All LPCOpen applications, regardless of the platform, device, or tool chain they run on, use a similar application startup sequence. Understanding how this sequence works and it's requirements can help prevent problems when developing new applications, developing a new board layer, or customizing early initialization of a board or device prior to entering main().
The common LPCOpen application startiup sequence is shown below:
The board is powered on or reset. The initial device stack is setup and reset vector is fetched and the control of the device is transferred to the reset handler in the startup code.
The startup code first calls SystemInit(), which performs low level early initialization of the device and board. SystemInit(), as implemented in LPCOpen, performs 3 functions: initial board level pin muxing, system clock setup, and external memory setup (if applicable). SystemInit() usually calls Board_SystemInit(), which is part of the board layer code.

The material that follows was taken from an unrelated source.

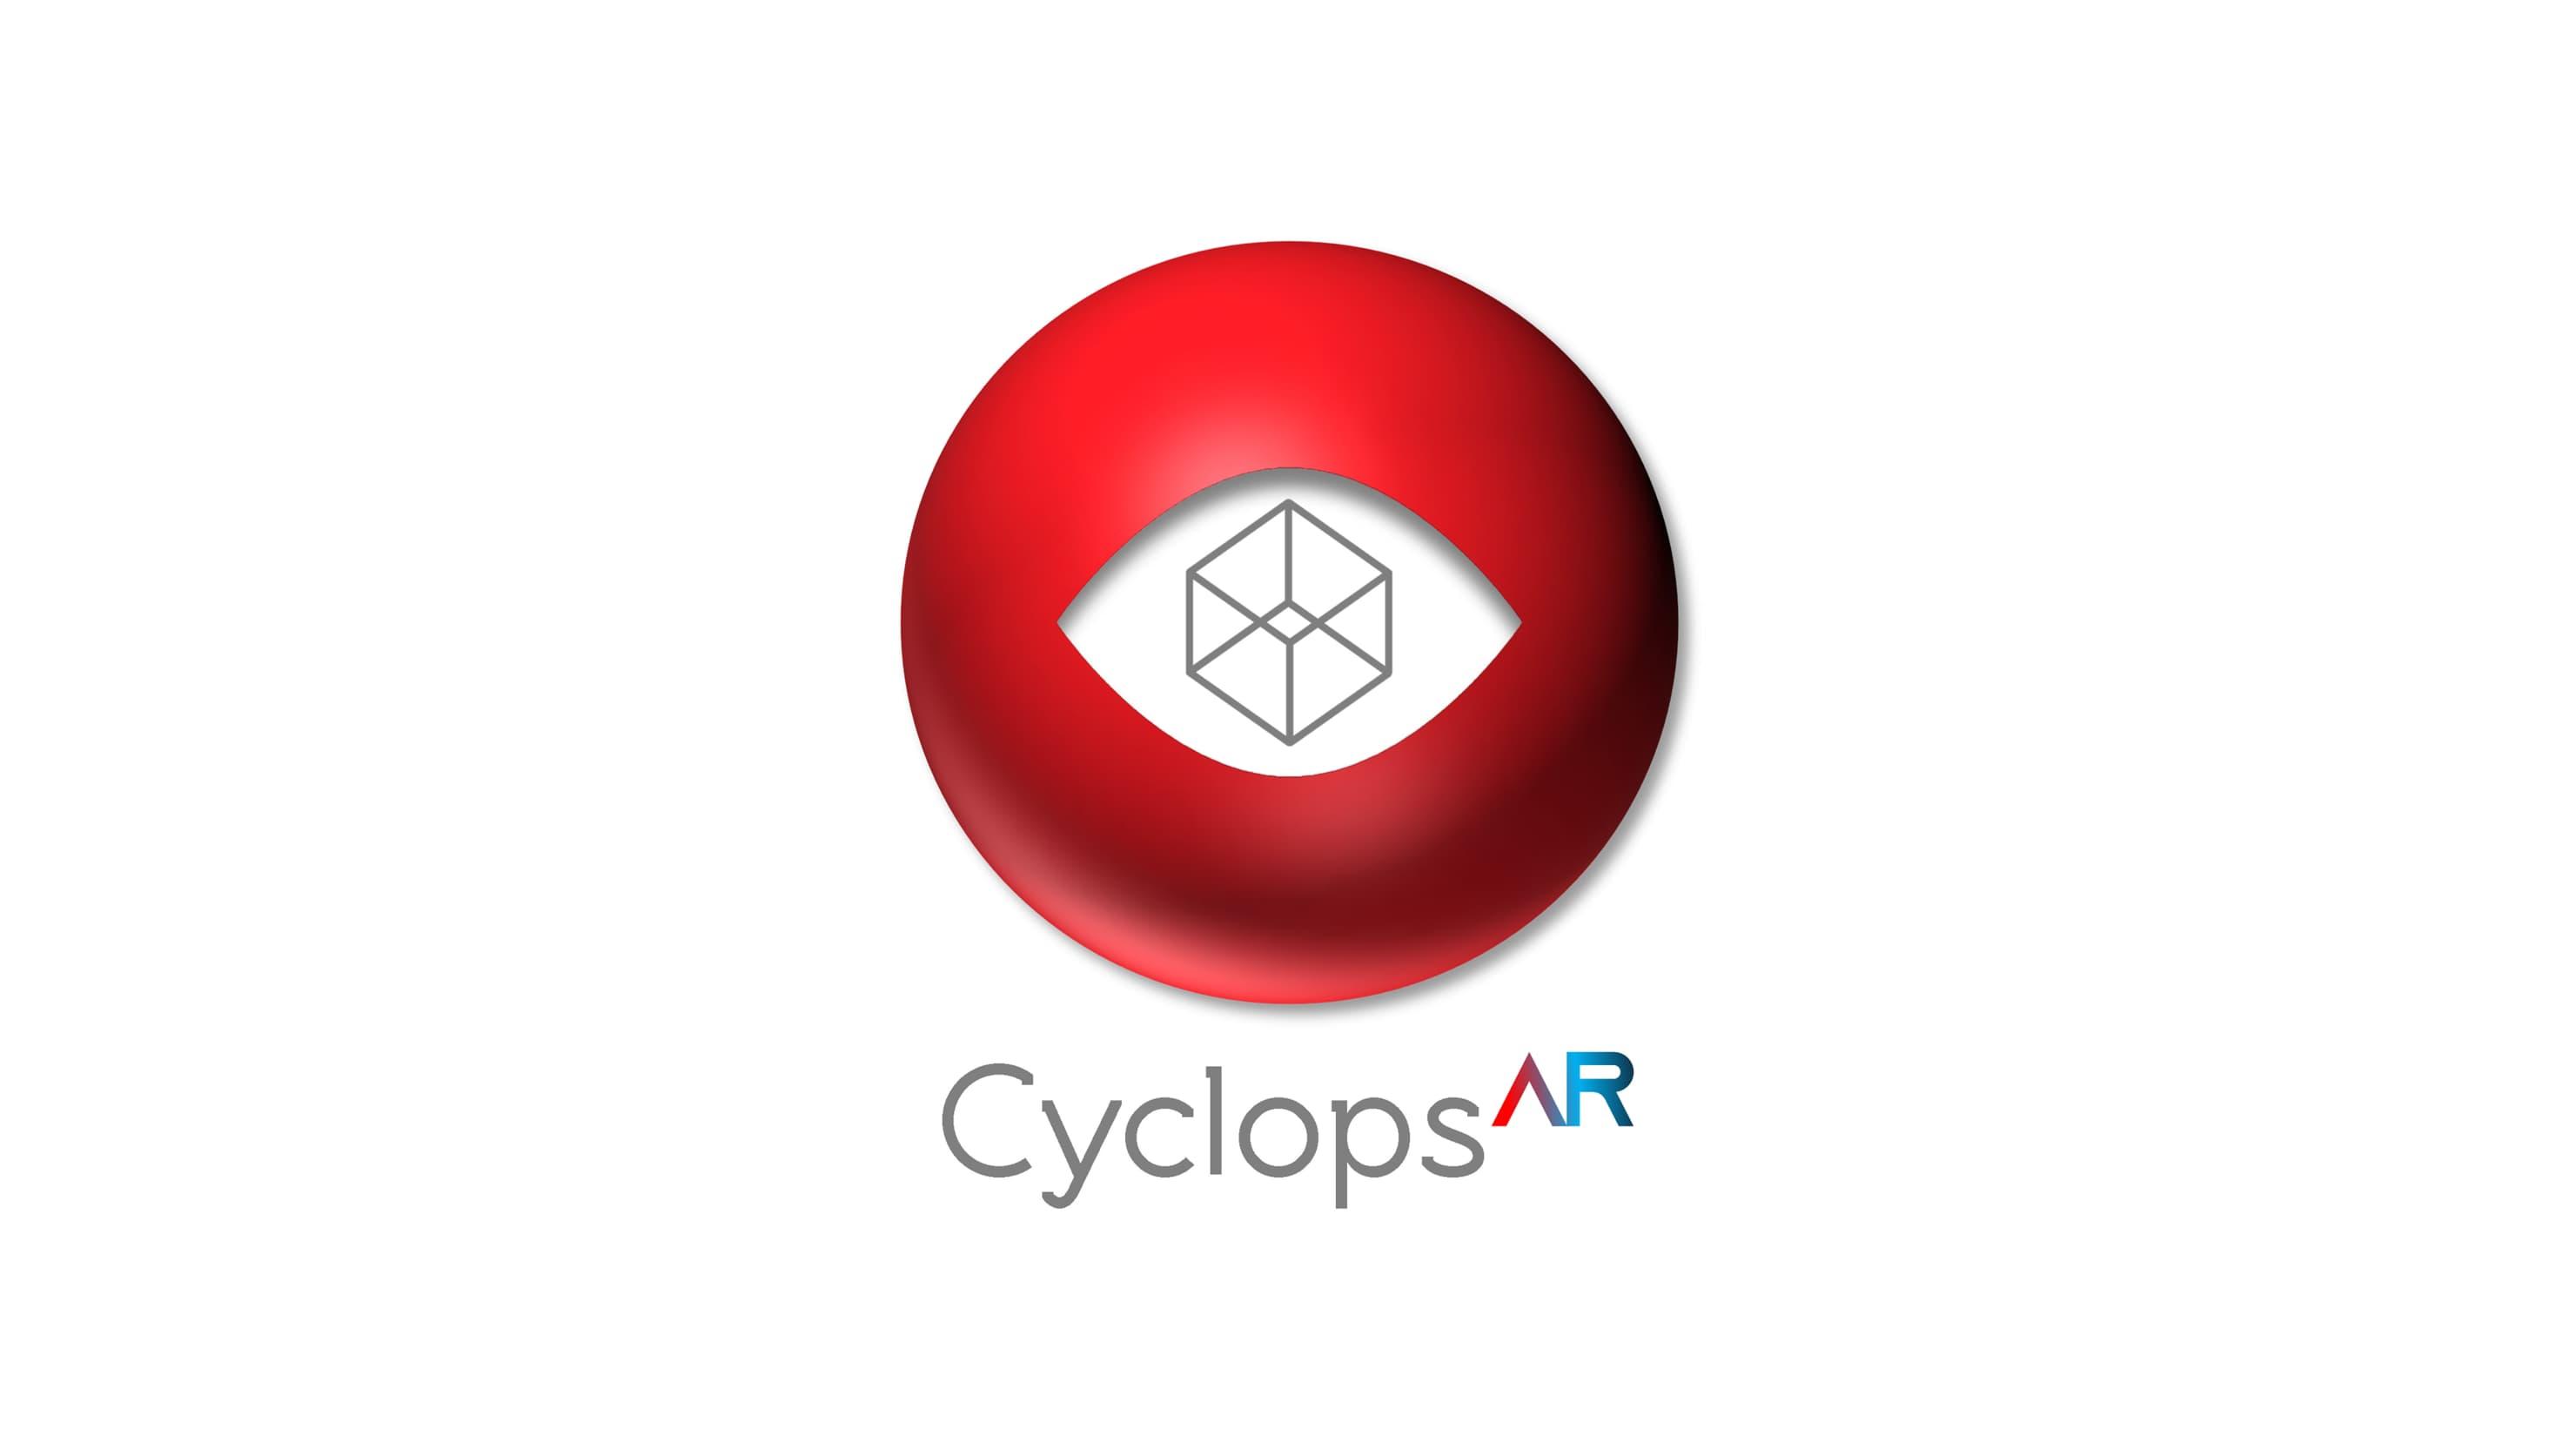 Cyclops AR (HK)

Most board level pin muxing is perform as the first function of SystemInit(). Doing the pin muxing in one location allows the pin mux data to be organized in a common table and use less code space. The LPCOpen board layer handles pin muxing and sets up most, but not necessarily all, pins to the functions as they are connected on the board.
System clocking is setup after pin muxing. This step usually performs oscillator enable, PLL setup, main clock selection, etc. Clock setup for the same device may vary per board based in external clock input rate, oscillator rate, etc.

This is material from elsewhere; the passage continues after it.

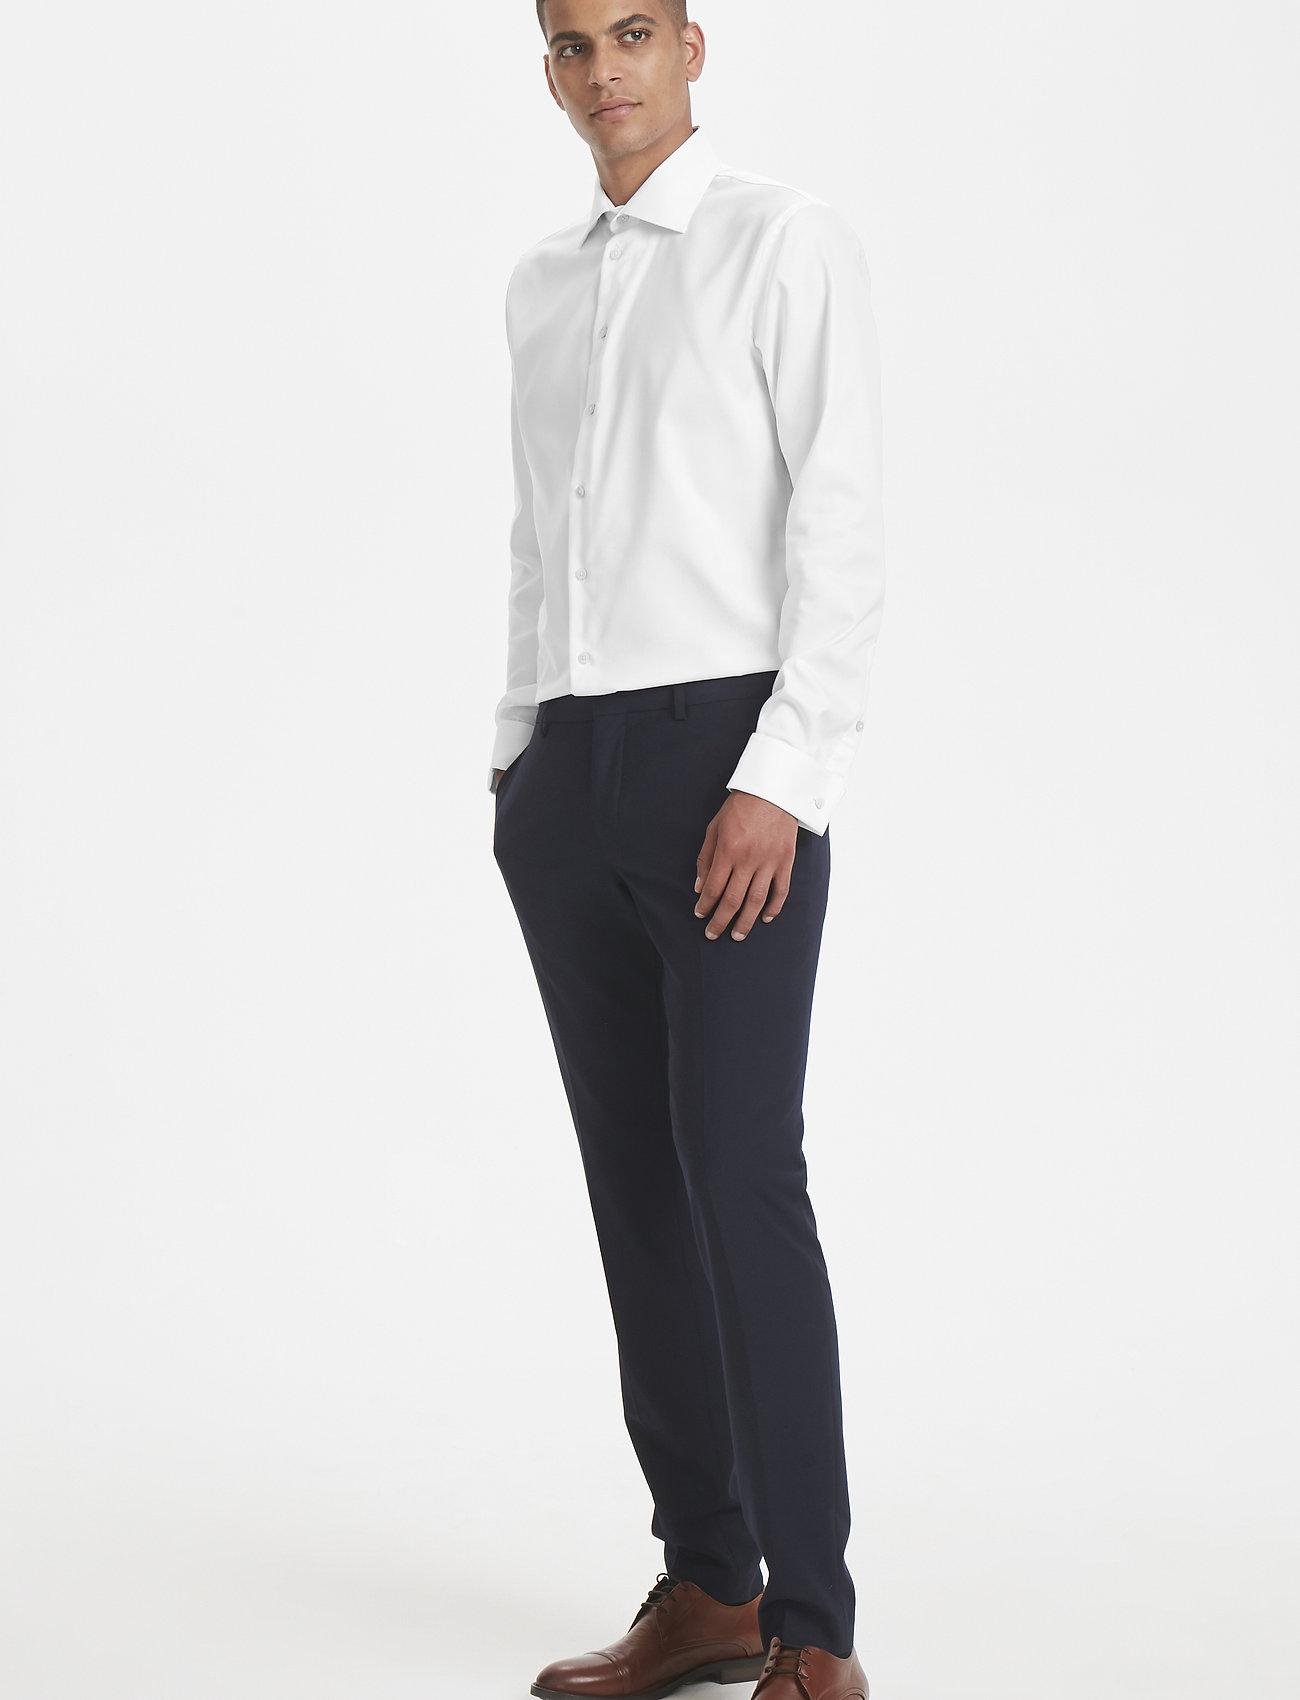 Matinique Marc Double Cuff - Chemises WHITE lWiIo6TG

This step only applies to boards that have external memory such as SDRAM, NOR FLASH, external SRAM, etc. If this setup step is required, it is setup here by setting up the correct timing, initializing SDRAM, etc. If special pin muxing is required to use the external memory, it is usually done as part of the board level pin muxing functions.
External memory is setup in the application early and prior to initializing the data segments.
After SystemInit(), the code and data segments are initialized. This means that code segments not in the initial boot/run medium (such as internal FLASH) are relocated by at run-time. Pre-initialized data segments are copied to volatile memory regions and the zero-initialized data is cleared. This happens before the call to main().
For IAR and Keil startup code, this is done after SystemInit(). For LPCXpresso, this is done *prior* to SystemInit().
Finally, the main() function is called and the application is started.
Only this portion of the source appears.